El entierro del conde de Orgaz ou "y'a pas du rab?"

Quand on était des d’jeunes, mon amoureux et moi, on a visité l’Espagne. A Tolède, on se serait arraché un bras avec les dents plutôt que de rater, le fameux tableau « El Entierro del conde de Orgaz », du Greco.
C’est à cause du guide Michelin. Trois étoiles, qu’il avait mis, Monsieur Bibendum. Alors, nous, on s’est levé de bon matin et on a fait la queue.
On était pas trop riche alors on s’est dit, c’est gaspacho OU el Greco.
On a choisi El Greco (pas sûr que je ferais le même choix maintenant…)
On a fait la queue.
Et puis une grosse bonne femme très moustachue nous a fait signe de la suivre. Soudain, on était dans une pièce d’environ 5 m2. La senora a alors tiré un rideau et s’est écriée, solennelle : « EL ENTIERRO DEL CONDE DE ORGAZ ! OLE ».
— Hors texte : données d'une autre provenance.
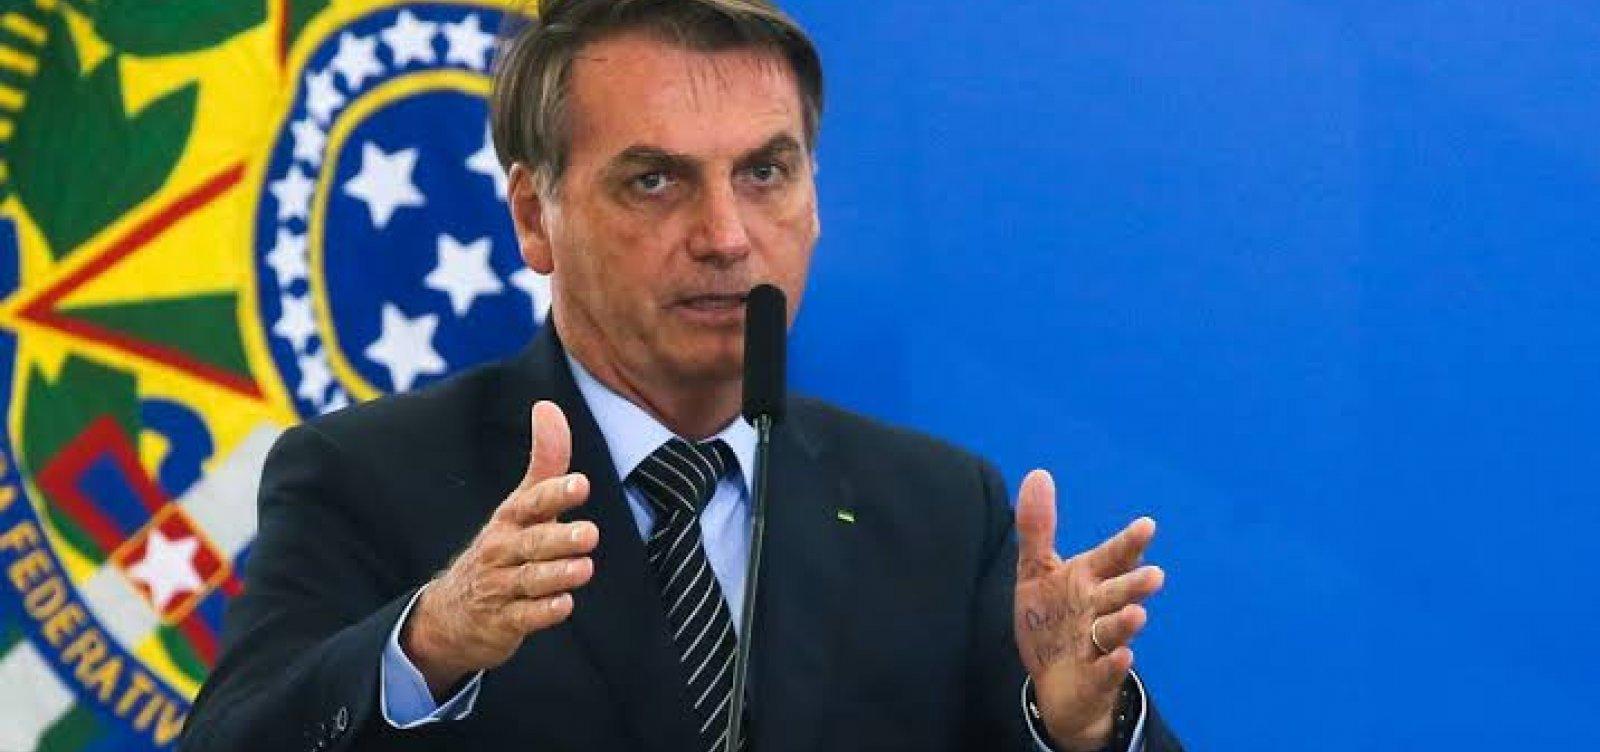 ['Pergunta para o vírus', diz Bolsonaro sobre possibilidade de prorrogar auxílio emergencial]
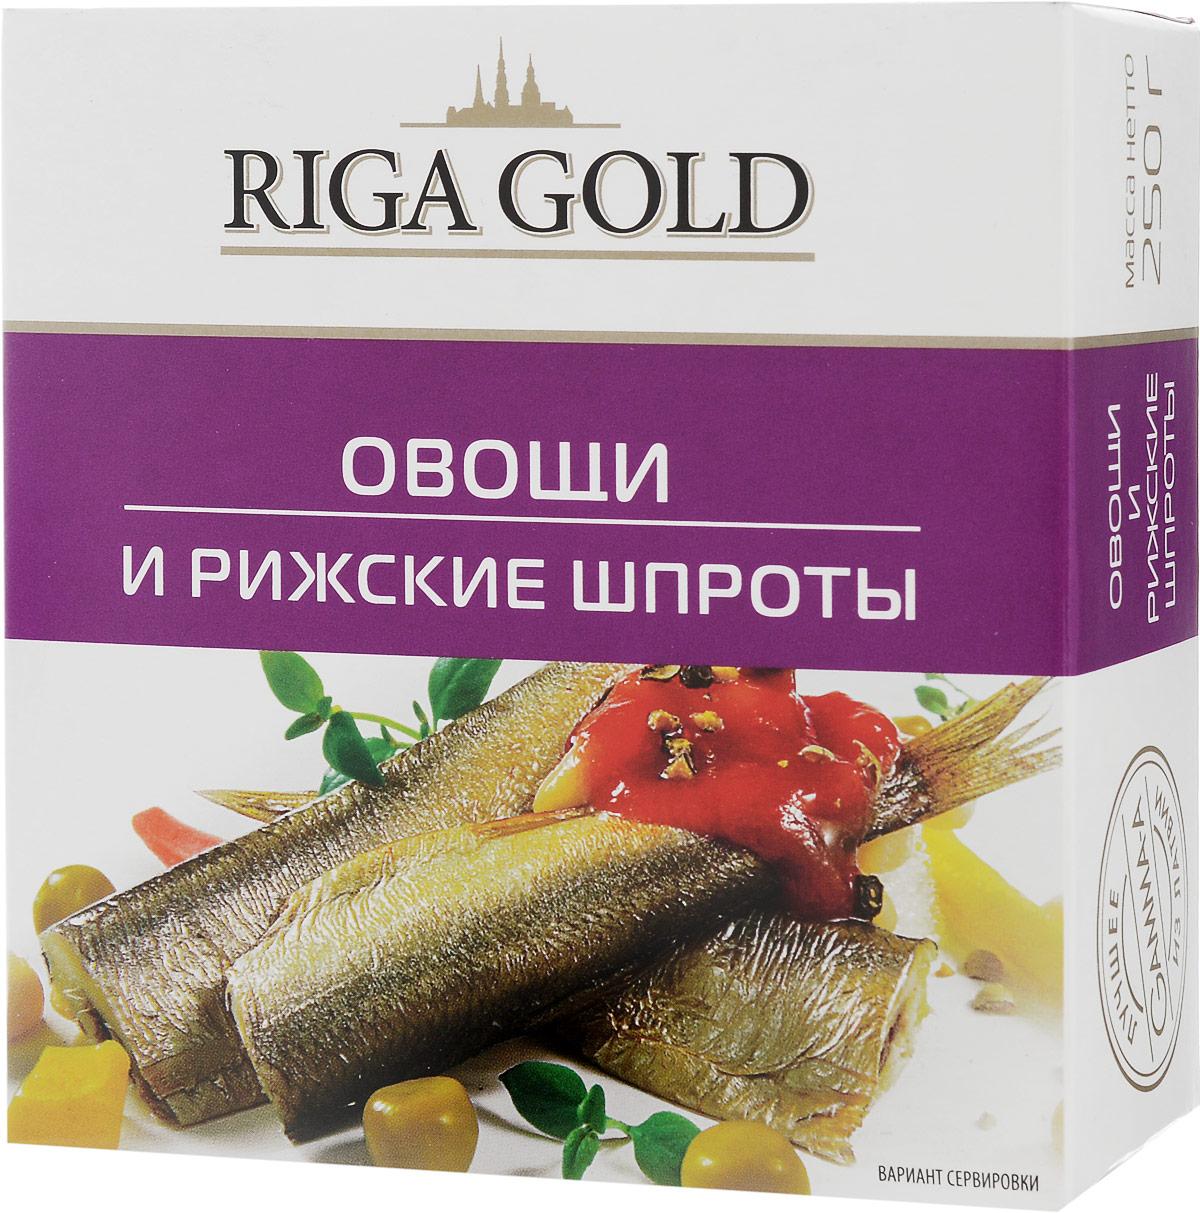 Рижское золото овощи и рижские шпроты, 250 г6178Главная специализация предприятия Рижское золото - изготовление высококачественных рыбных консервов. Секрет производства высококачественной продукции прост - в основном работа идет со свежевыловленной рыбой, рыба нанизывается на вертела вручную, коптится на ольховой стружке, укладывается в банки вручную.Собственное производство жестяной упаковки для консервов добавляет стабильности качеству и дает дополнительную гарантию высоких стандартов производимой продукции.

Devant nos yeux ébaubis, UN tableau, un seul. Et puis, vous l’avez vu, vous ne le verrez plus, paf, elle a tiré le tissu dans l’autre sens et nous a poussés vers la sortie, comme chez le psy, par derrière, pour ne pas que tu rencontres tes collègues de travail. Sauf que là, c’était pour que tu ne dises pas aux autres clampins-amateurs d’art : « Attencion, povros connardos, vous allez dépensado vos derniers pesetas et pis c’est l’arnaqua ! ».
Attention, ce n’est pas que je sois une adepte de Monsieur Katbury (je ne sais pas comment ça s’écrit, son petit nom, au fabriquant de chocolat radin) en matière d’art, non, je n’ai pas besoin d’être gavée, mais quand même… Ca m'a fait comme quand tu passes deux heures à te faire jolie pour aller en boum, t'arrives , tu le lances dans un slow langoureux et puis les parents débarquent, ouvrent en grand les portes du garage et te demandent si des fois t'aurais pas des maths à faire.
Il y a deux jours, nous avons vécu une expérience similaire. Comme quoi, on n’apprend jamais rien …
Nous sommes allés à Delme, dans l’ancienne synagogue transformée en galerie d’art. Pour y voir une expo, celle de JEPPE HEIN. Comme le dit l’artiste : « This exhibition in in some way a contribution to the beauty, the ugliness, the stupidity and the cheerfulness in life » (je me suis empressée de lire les petites lettres en dessous, ouf, c’était la traduction : « Cette exposition est en quelque sorte une contribution à la beauté, la laideur, la stupidité et la gaieté dans la vie ».. Ben ça me disait bien de voir ça.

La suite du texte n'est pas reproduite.